Coiled: A GPU-accelerated serverless alternative to AWS Lambda#
2025-06-11
4 min read
AWS Lambda is widely used for event-driven workloads that require quick, lightweight execution without infrastructure management. But when it comes to tasks that demand GPU acceleration, like training deep learning models, running inference on images, or performing parallel scientific simulations, Lambda falls short.
With no GPU support, a 15-minute execution limit, and container image size limits, AWS Lambda isn’t designed for compute-heavy or memory-intensive applications.
In this post, we’ll explore how Coiled provides a serverless Python experience with full GPU support, offering a flexible, Lambda-like alternative for GPU-accelerated computing in your own AWS account.
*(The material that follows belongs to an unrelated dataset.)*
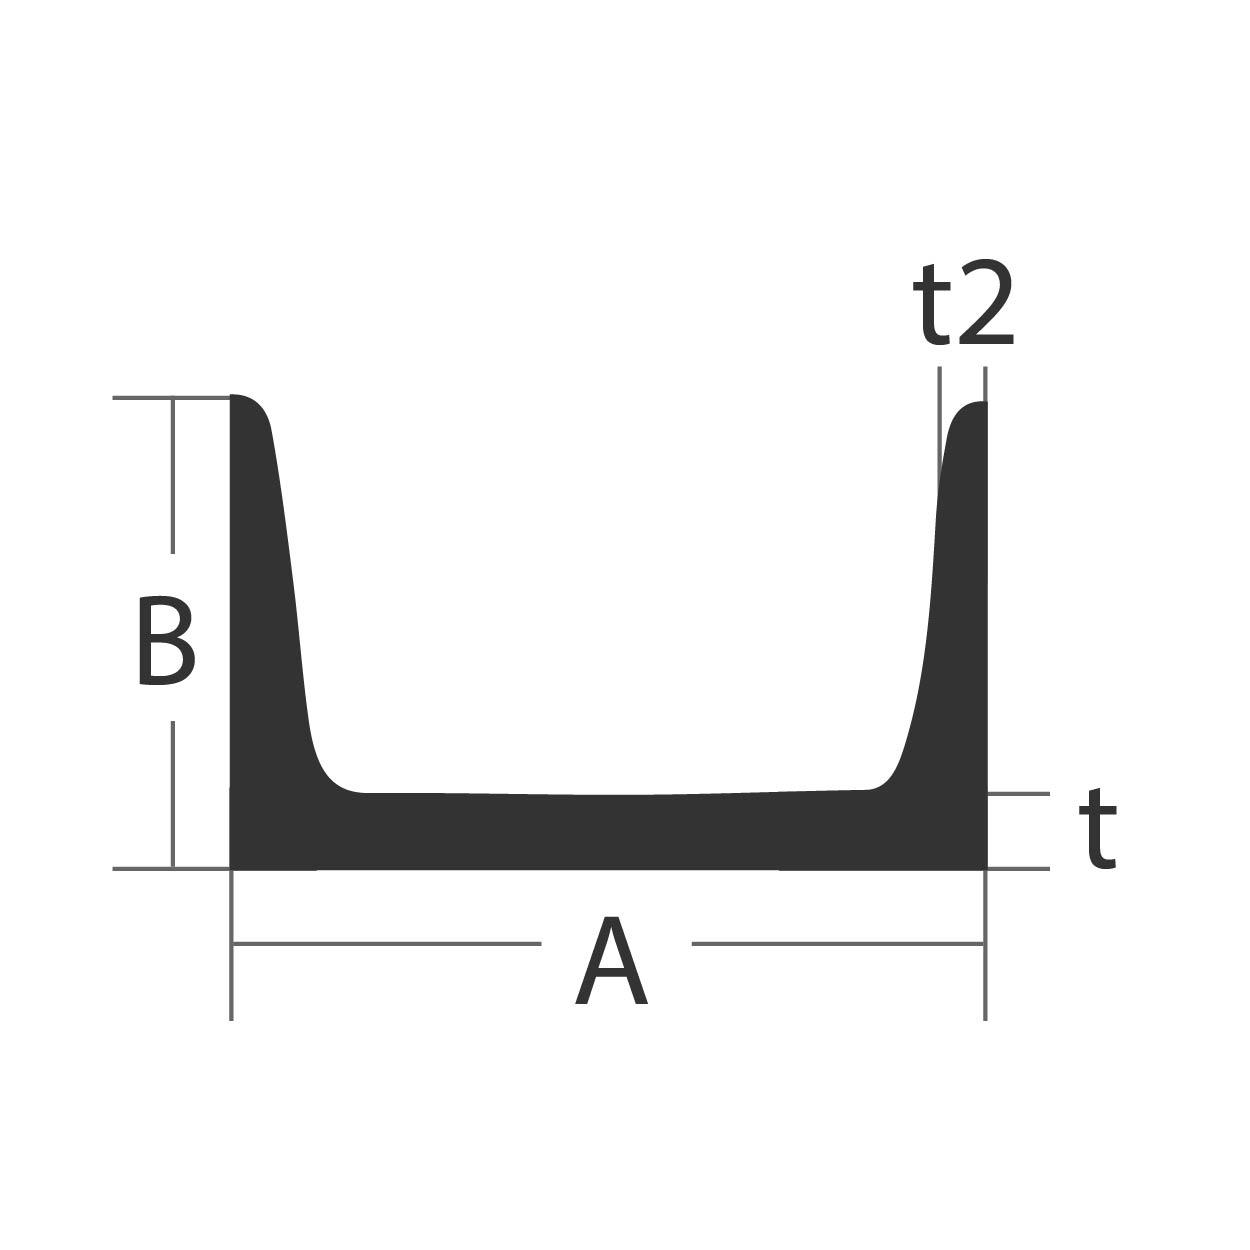 Aluminum Channel 6061 T6 Structural 15 A X 3 4 B X 0 4

Why Lambda alone falls short#
AWS Lambda was specifically designed for short-lived compute tasks. And for these for small, event-driven tasks it works really well. This includes things like:
Responding to API Gateway requests
Parsing log files
Short-running Python scripts
But it falls short for high-performance compute due to a number of limitations.
Feature |
AWS Lambda |
Coiled |
---|---|---|
GPU support |
❌ No |
✅ Yes |
Spot instances |
❌ No |
✅ Yes |
Max execution time |
15 minutes |
No limit, configurable |
Container image size |
Capped at 10 GB, uncompressed |
No limit, package sync or Docker |
Scale-to-zero |
✅ Yes (by default) |
✅ Yes (by default) |
Memory |
Capped at 10 GB |
No limit, configurable |
vCPU |
Proportional to memory, not directly configurable |
No limit, configurable |
AWS Lambda imposes several architectural constraints that limit its suitability for GPU-based or high-performance workloads. Memory and vCPU are tied together, maxing out at 10 GB and proportional CPU allocation, with no GPU support. Container images must remain under 10 GB uncompressed, which is often too small for GPU-accelerated Python workloads that bundle frameworks like PyTorch, TensorFlow, CUDA, and cuDNN (not to mention any pre-trained model weights or scientific dependencies). By contrast, Coiled offers additional flexibility: define your software environment using conda or pip, use Docker images of any size, and deploy clusters with GPU-backed instances on demand, all without container size limits or infrastructure overhead.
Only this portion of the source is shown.